Arecibo Observatory: 50 Years of Discovery in Astronomy, Space

August 9, 2016 – 04:38 pm

This year, a variety of festivities are planned in celebration of Arecibo Observatory’s 50th anniversary. Located in Puerto Rico, the William E. Gordon telescope at the site is the world’s largest, most sensitive single-dish radio telescope. Over the years, findings from Arecibo have contributed to better understanding of the earth’s atmosphere, the moon, asteroids, other planets, exotic stars, our galaxy, and the large-scale galactic structure of the universe.

A Future Just As Vibrant As Its Storied Past

Since October 2011, Arecibo Observatory has been managed, operated, and maintained for the National Science Foundation by SRI International, in cooperation with the Universities Space Research Association (USRA), and the Universidad Metropolitana (UMET) in San Juan, Puerto Rico. Researchers from SRI’s Center for Geospace Studies and USRA conduct research in atmospheric science and astronomy, while UMET oversees the Observatory’s educational component.

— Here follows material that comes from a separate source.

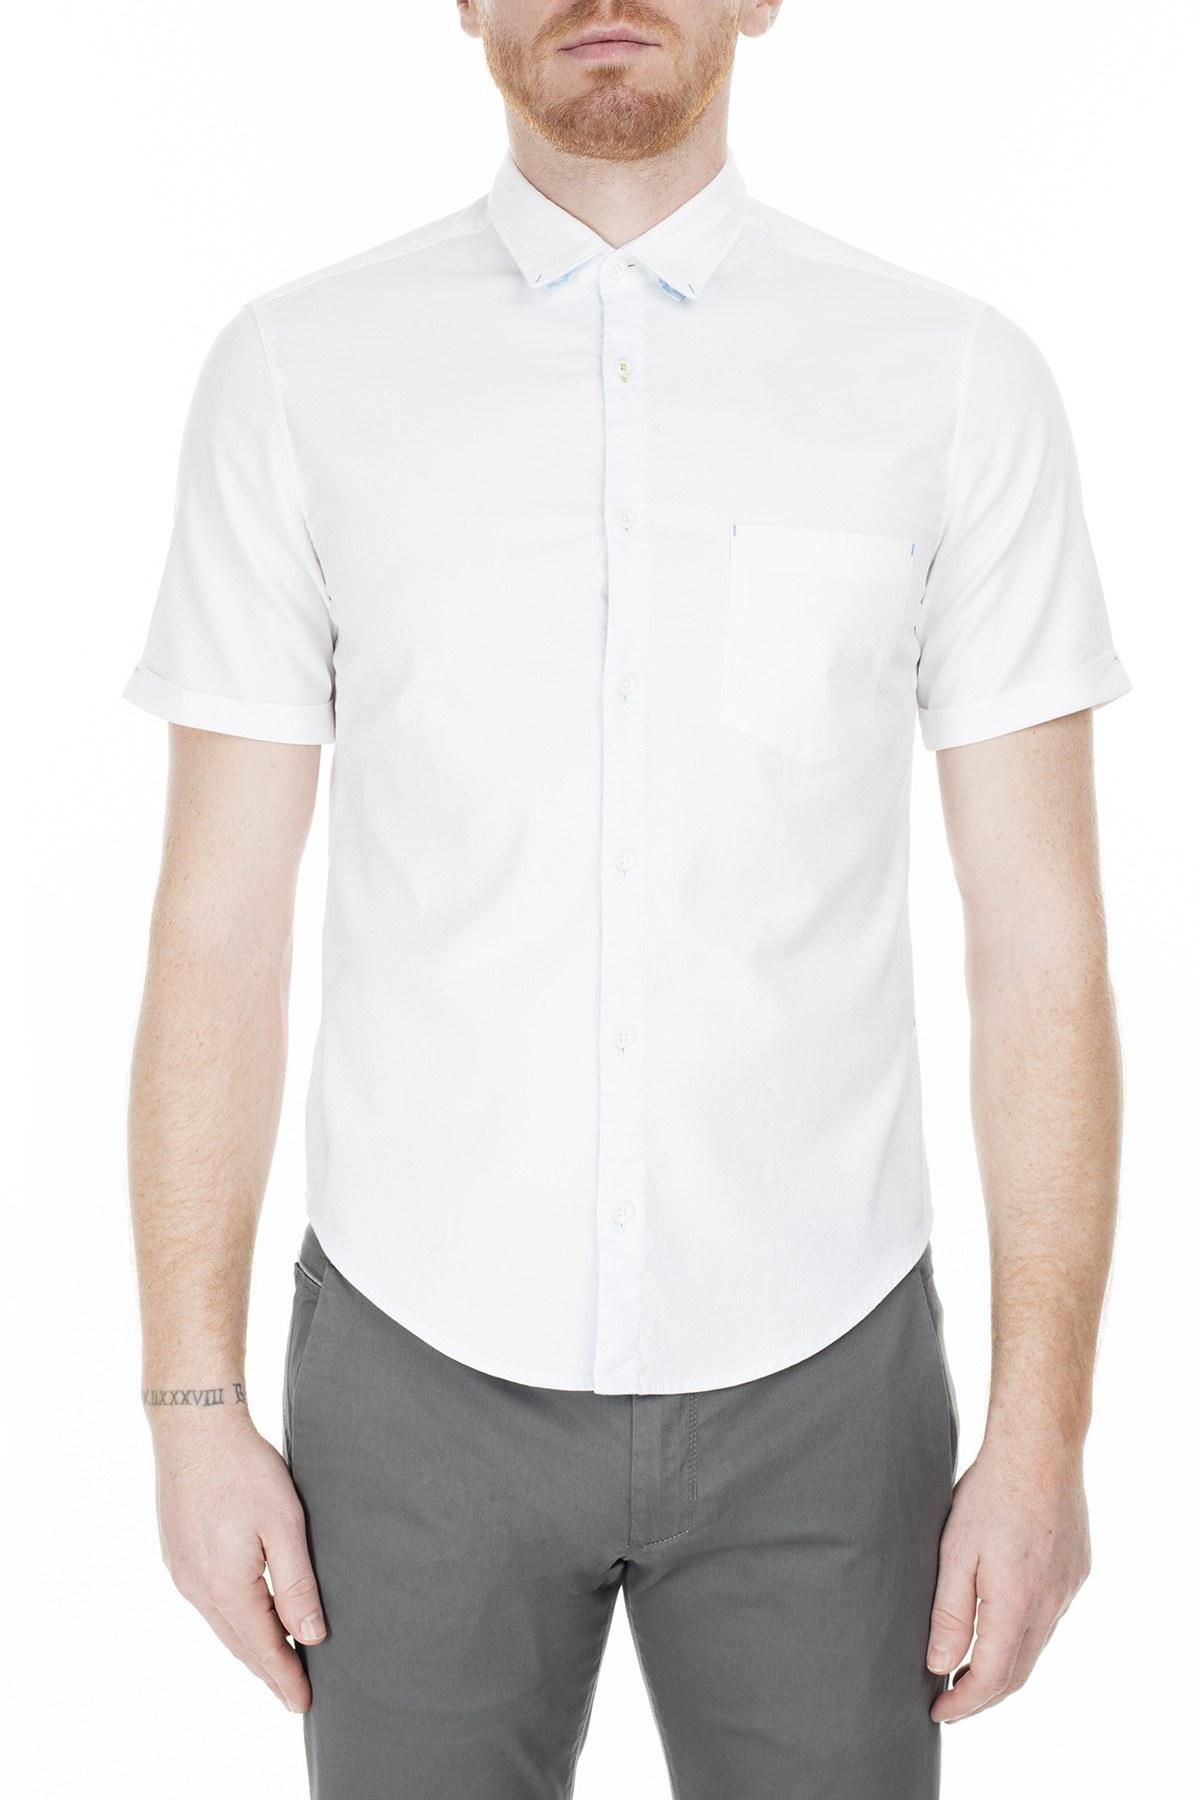 Hugo Boss Regular Fit Erkek Gömlek S 50381583 100 BEYAZ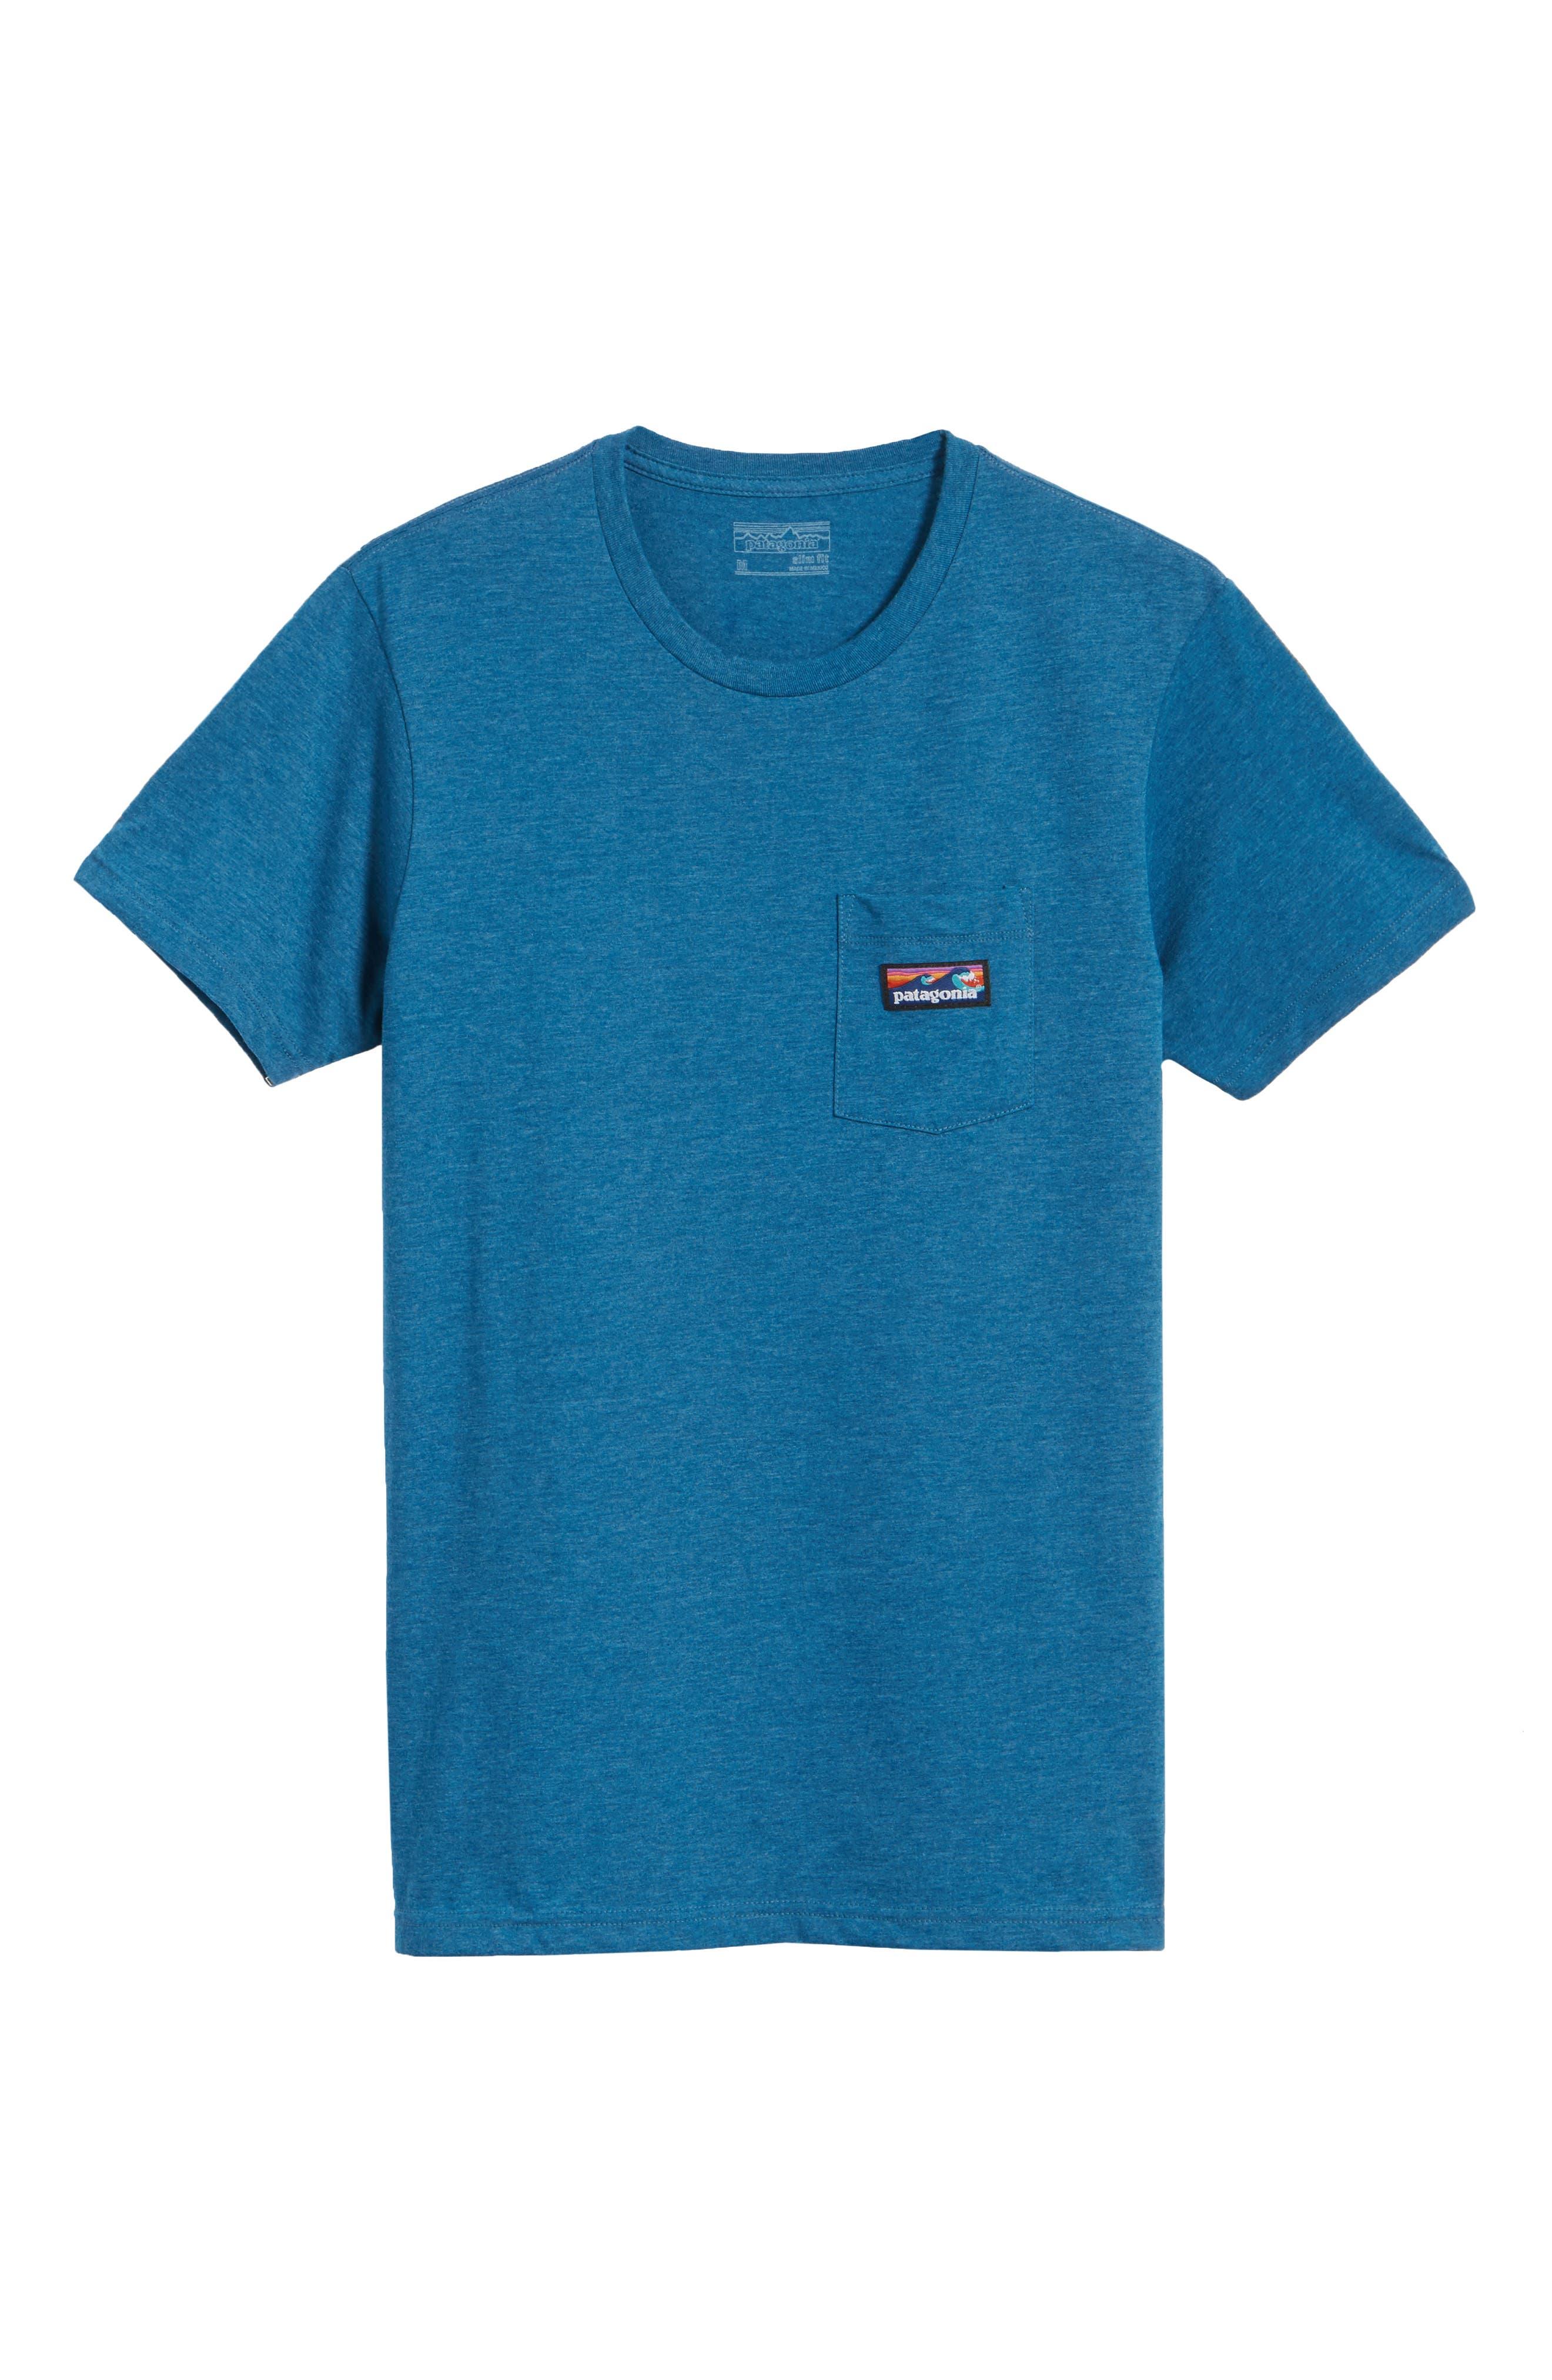 Board Short Label T-Shirt,                             Alternate thumbnail 6, color,

Arecibo’s prominent legacy includes the first radar-ranging of an earth orbit crossing asteroid, early maps of several solar system objects, a Nobel Prize for confirming Einstein’s general theory of relativity through the timing of binary pulsar orbital decay, and the first detection of planets orbiting another star—among dozens of other breathtaking discoveries and findings.

Figure 1 (above) A combined optical and X-ray image of the Crab Nebula (left) and a schematic of a pulsar (center), which is a rotating neutron star radiating radio pulses of energy as it rotates. In 1968, scientists at the Arecibo Observatory showed that pulses from this nebula are caused by a 33 ms pulsar at its center. In 1974, Joseph Taylor and Russell Hulse discovered a binary pulsar system at Arecibo, and showed that the orbital decay of that system confirmed Einstein’s theory of general relativity (right). This work was recognized with a Nobel Prize in1993.

Discoveries on the Cutting Edge of Science

Here are some other great moments in Arecibo’s recent history:

  • In 2011, the NASA Messenger spacecraft confirmed the presence of water ice on the planet Mercury. The intuitively unlikely presence of water on the planet closest to the sun was first suggested by radar images of craters at Mercury’s pole from Arecibo, in 1991.
  • In June, 2012, observations with the S-band planetary radar at Arecibo showed that near-Earth asteroid 2005 YU55 is actually 2 times larger (with 8 times the volume) than previously thought. This result underscores the unprecedented capability of the telescope to determine the orbits of potentially hazardous asteroids, and to image surface detail that can be useful for future landing missions. asteroid

Figure 2 (right) This raw image of asteroid 2005 YU55 from Arecibo has 7.5 m resolution, and shows a bright reflection from what may be a large boulder on the surface, just to the left of center.